Soal pakaian ibu, suami, dan kakaknya, Mayo sudah menyortir maksimal di hari pertama mengikuti arahan Marie Kondo. Lalu pakaiannya sendiri, ini lebih mudah lagi. Sehelai demi sehelai tersingkir tanpa negosiasi alot dengan dirinya.

Ia sisihkan semua yang sudah tak muat untuk tubuhnya, di keranjang A. Pakaian yang masih muat tetapi modelnya sudah tak terlalu suka, masuk ke keranjang B. T-shirt kampanye dengan tagar dari SaveOrangutan, SavePegununganKapur, SaveHutanBakau, SavePantai, SavePetani, SaveBumi hingga SaveYourself dan SaveYourHeart sudah ia kepak dalam satu kotak karton. Total terkumpul empat karton besar sudah diberangkatkan ke lembaga yang menampung pakaian pantas pakai.

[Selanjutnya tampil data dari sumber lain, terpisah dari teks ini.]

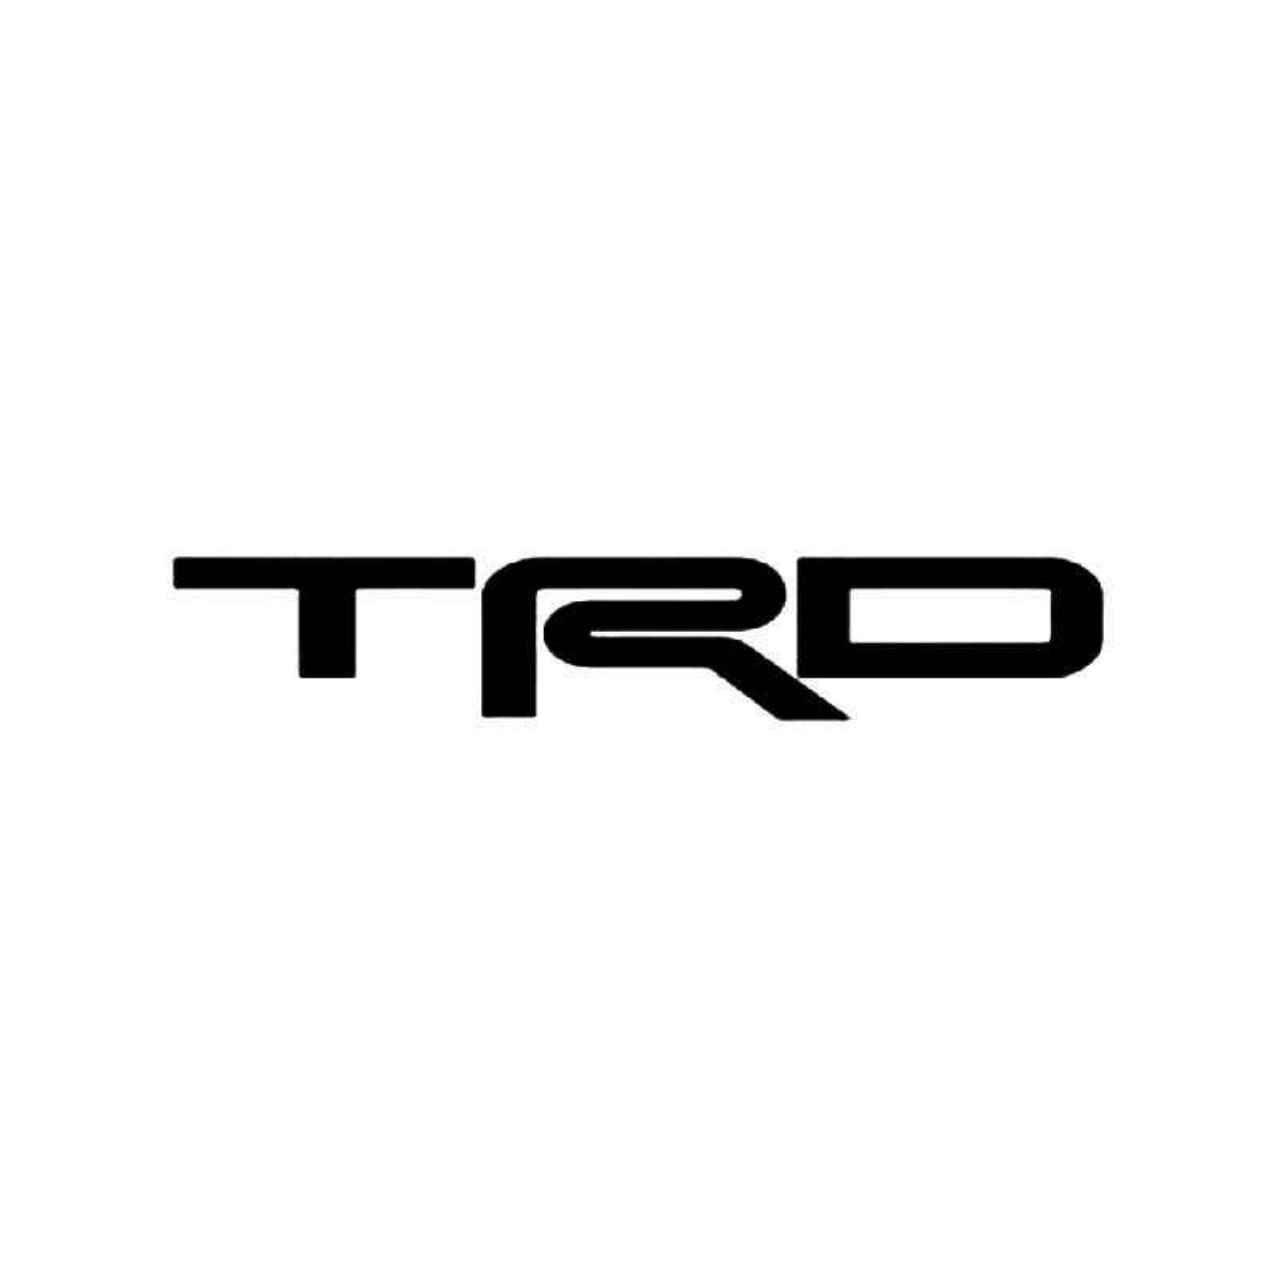 Trd Toyota Vinyl Decal Sticker

Perabot rumah tangga peninggalan ibunya juga sudah lebih dari separo tersingkir dari dapurnya. Buku-buku yang yang dikumpulkan keluarganya sedari ia dan kakak dan adiknya remaja juga sudah pindah ke lemari kolektor buku kenalannya. Kini hanya tinggal satu lemari yang lolos setelah melalui pertimbangan dan pertaruhan cukup berat. Yang pasti ia tak akan melenyapkan Le Petit Prince pemberian mendiang suaminya.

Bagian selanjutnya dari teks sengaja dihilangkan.